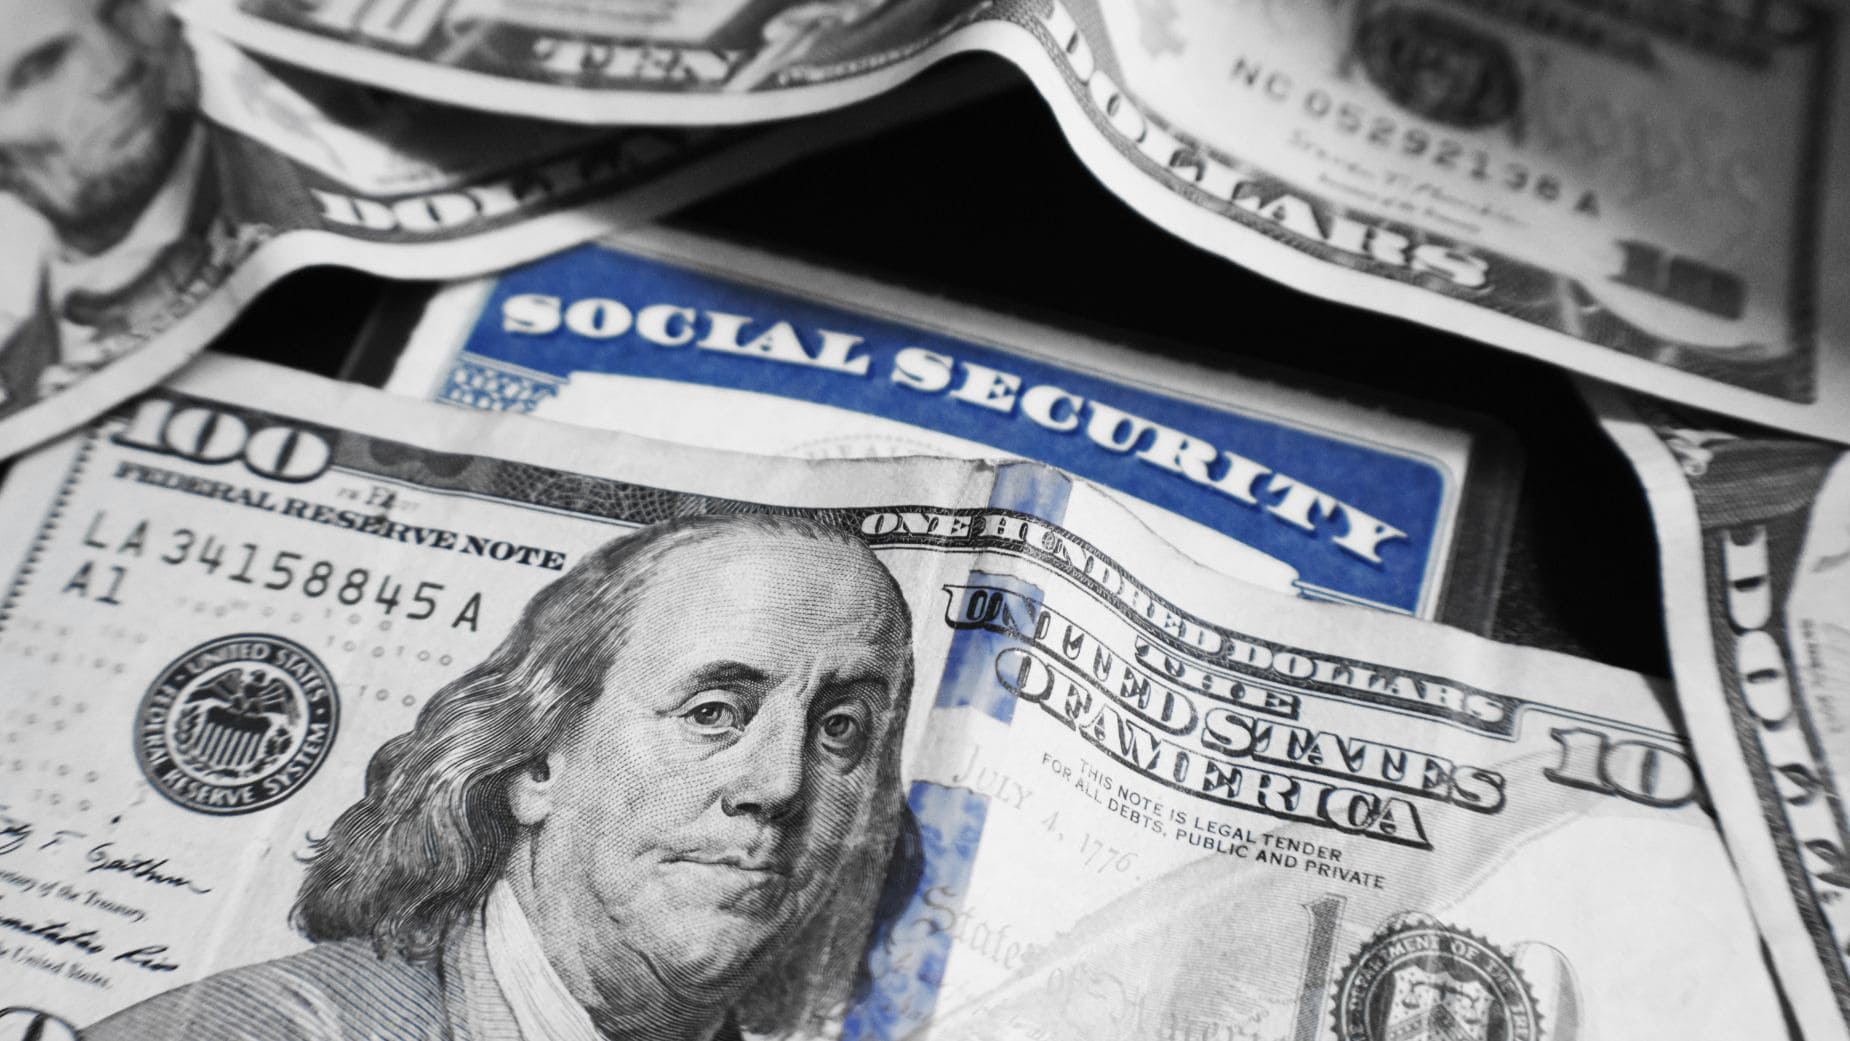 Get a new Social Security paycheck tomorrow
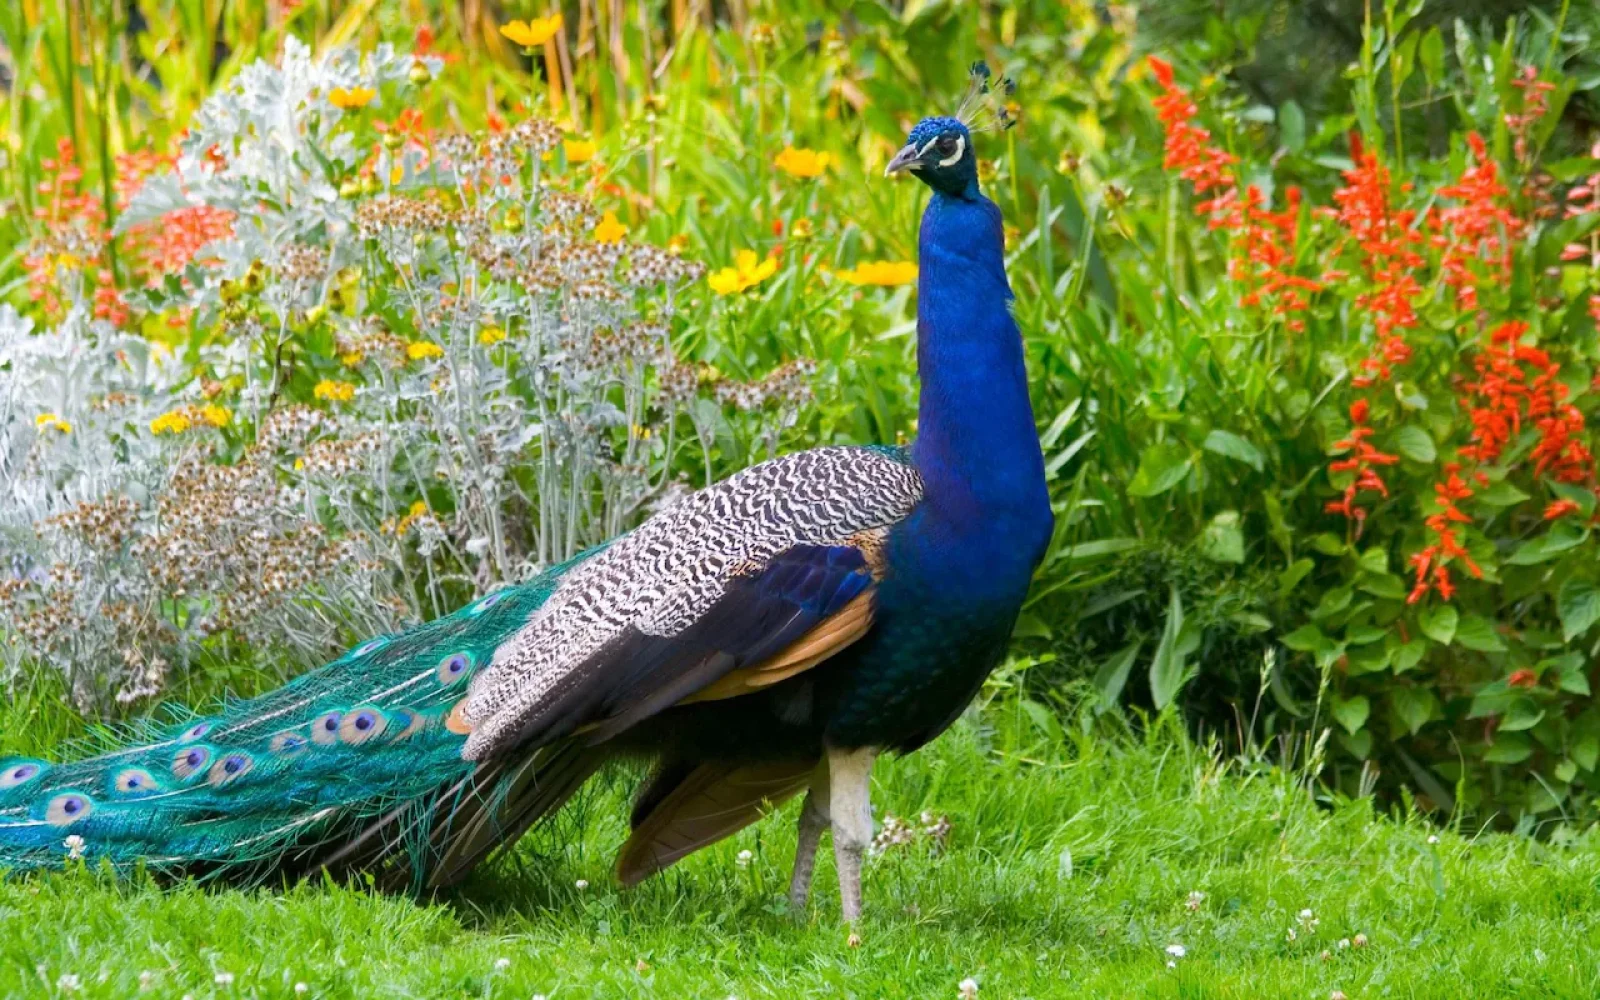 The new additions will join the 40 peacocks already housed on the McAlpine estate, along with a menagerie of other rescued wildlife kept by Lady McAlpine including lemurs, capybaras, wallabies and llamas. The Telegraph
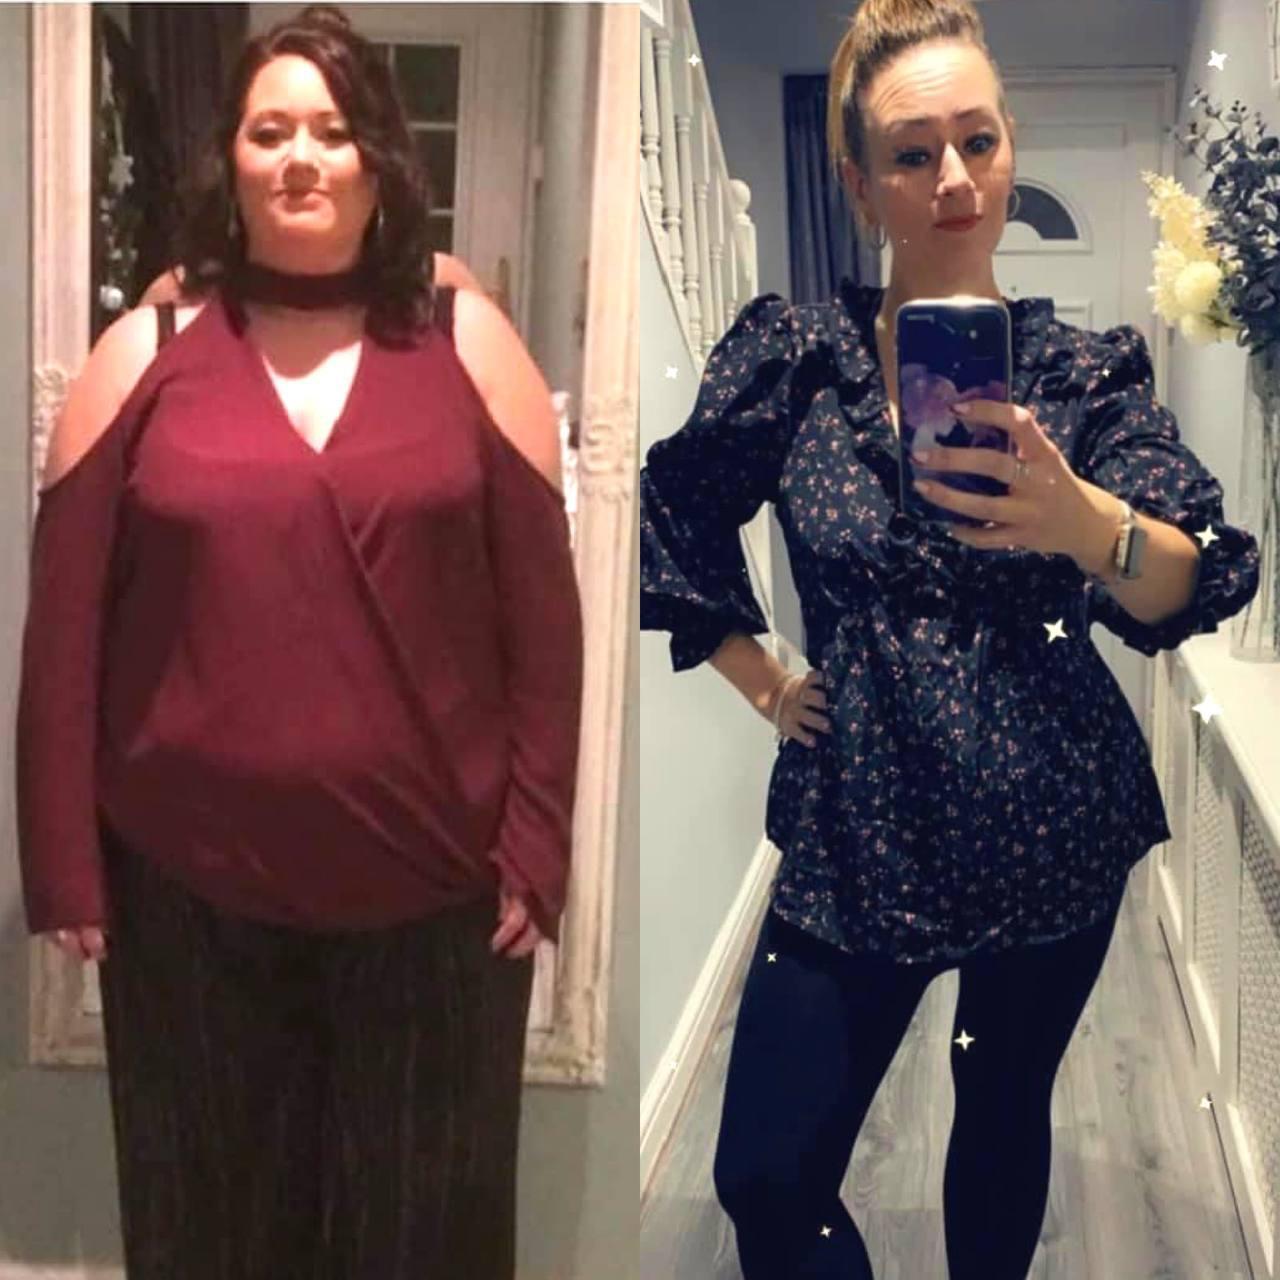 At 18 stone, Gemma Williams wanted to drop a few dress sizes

== == ==

Work instructions → Write out, please, the lines of the listing above from the one with "The new additions" through the very last, exactly as given and with no pictures.

Finished exercise →
 The new additions will join the 40 peacocks already housed on the McAlpine estate, along with a menagerie of other rescued wildlife kept by Lady McAlpine including lemurs, capybaras, wallabies and llamas. The Telegraph
 At 18 stone, Gemma Williams wanted to drop a few dress sizes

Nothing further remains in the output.